The relationship between call/cc, shift/reset, and effect handlers

Tonight I stumbled upon a cute implementation of an aborting lazy stream using call/cc and foldr:

let validate xs =
  call/cc (λk → Right (foldr (λx xs → if alnum? x then x ∷ xs else k (Left x)) ◻ xs))


case validate "abc#d" {
  Left x → print x
  Right xs → iterate print xs

I tried it out with Guile (using pairs and thunks) and a friend did with SML/NJ and it actually works, laziness and all.

The idea is that xs would be a possibly infinite character stream ['a', 'b', 'z', 'h', ...] and this validate function would lazily fold over it, initially returning a Right identical lazy stream, until it reaches a non-alphanumeric character. Once it does, it will stop the computation, “go back in time” and return a Left with the incorrect character.
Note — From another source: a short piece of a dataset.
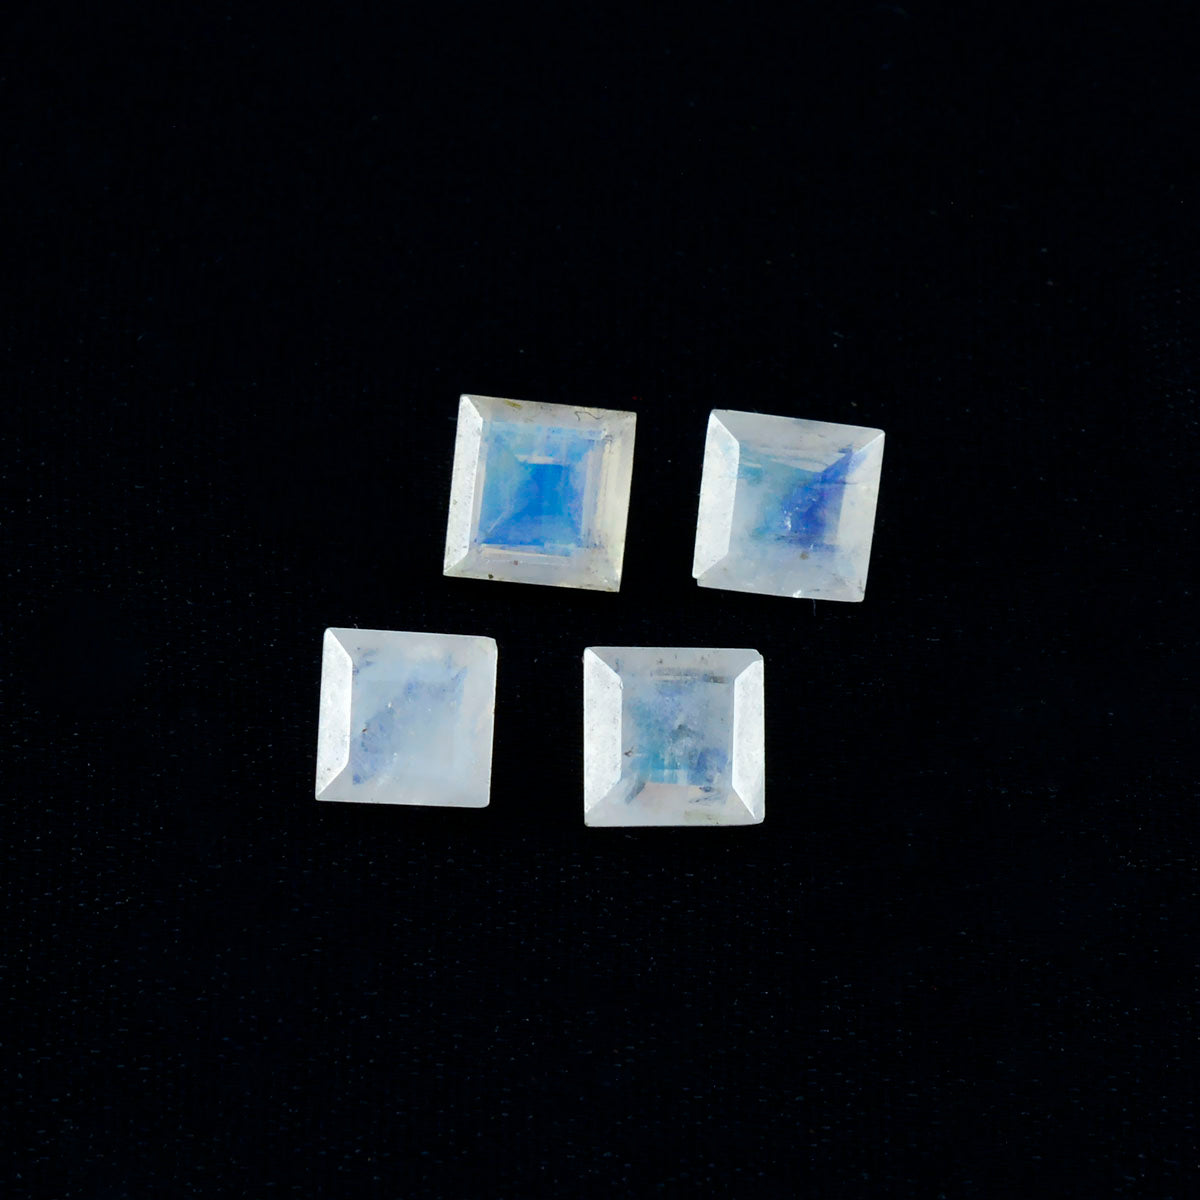 Riyogems 1PC White Rainbow Moonstone Faceted 10x10 mm Square Shape attractive Quality Gemstone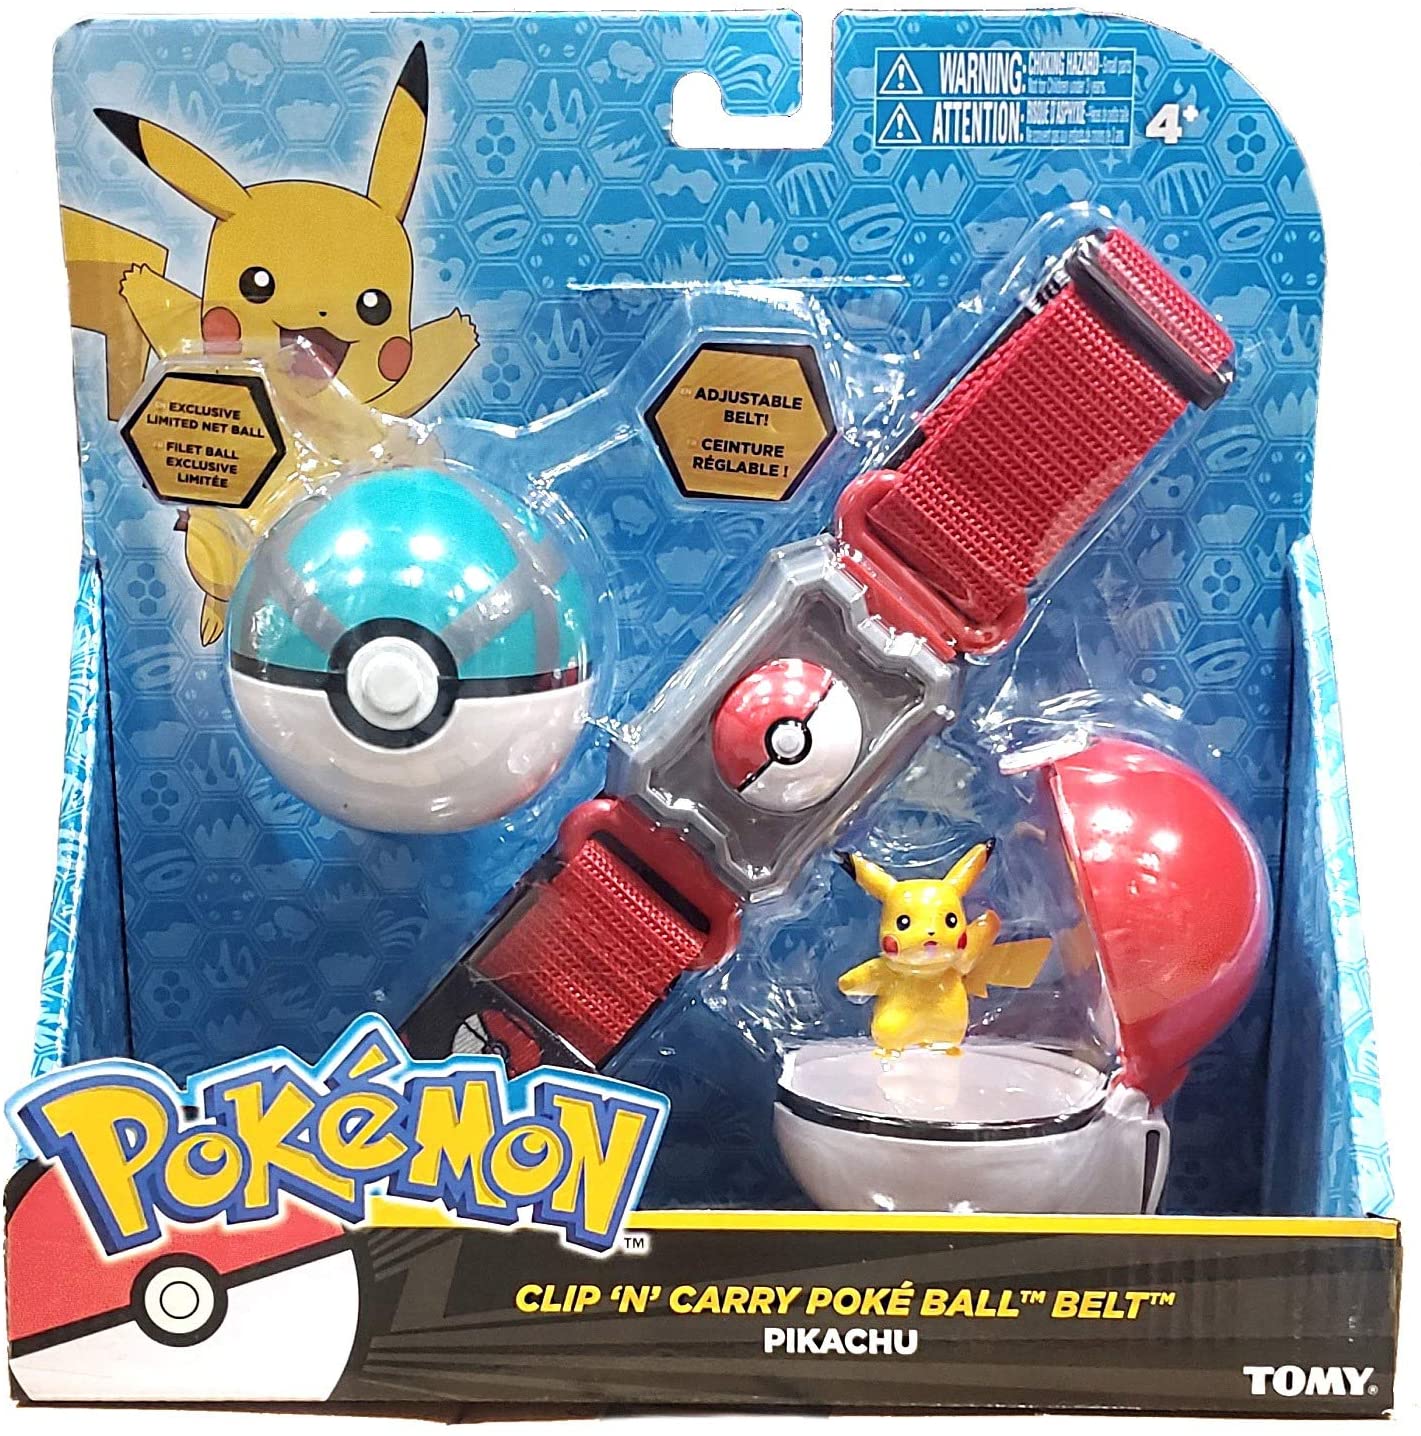 Comprar Pokemon figura vinil 10 cm Cubone de Bizak

When approaching this behavior using e.g. OCaml exceptions or effects, it becomes apparent that you have to ensure that the handler surrounds the forcing. Another approach would be to create a different data structure which encodes failure, and fold to that. Both ideas would result in leaking the implementation to the caller. Therein lies the cuteness of this implementation: consumer code does not need to install a handler or use a different data structure—it’s all self-contained.
But that’s not the point, there ought to be approaches which allow us to recover all the nice properties of validate in its current form after all, the point is just having fun and playing with weird control flow.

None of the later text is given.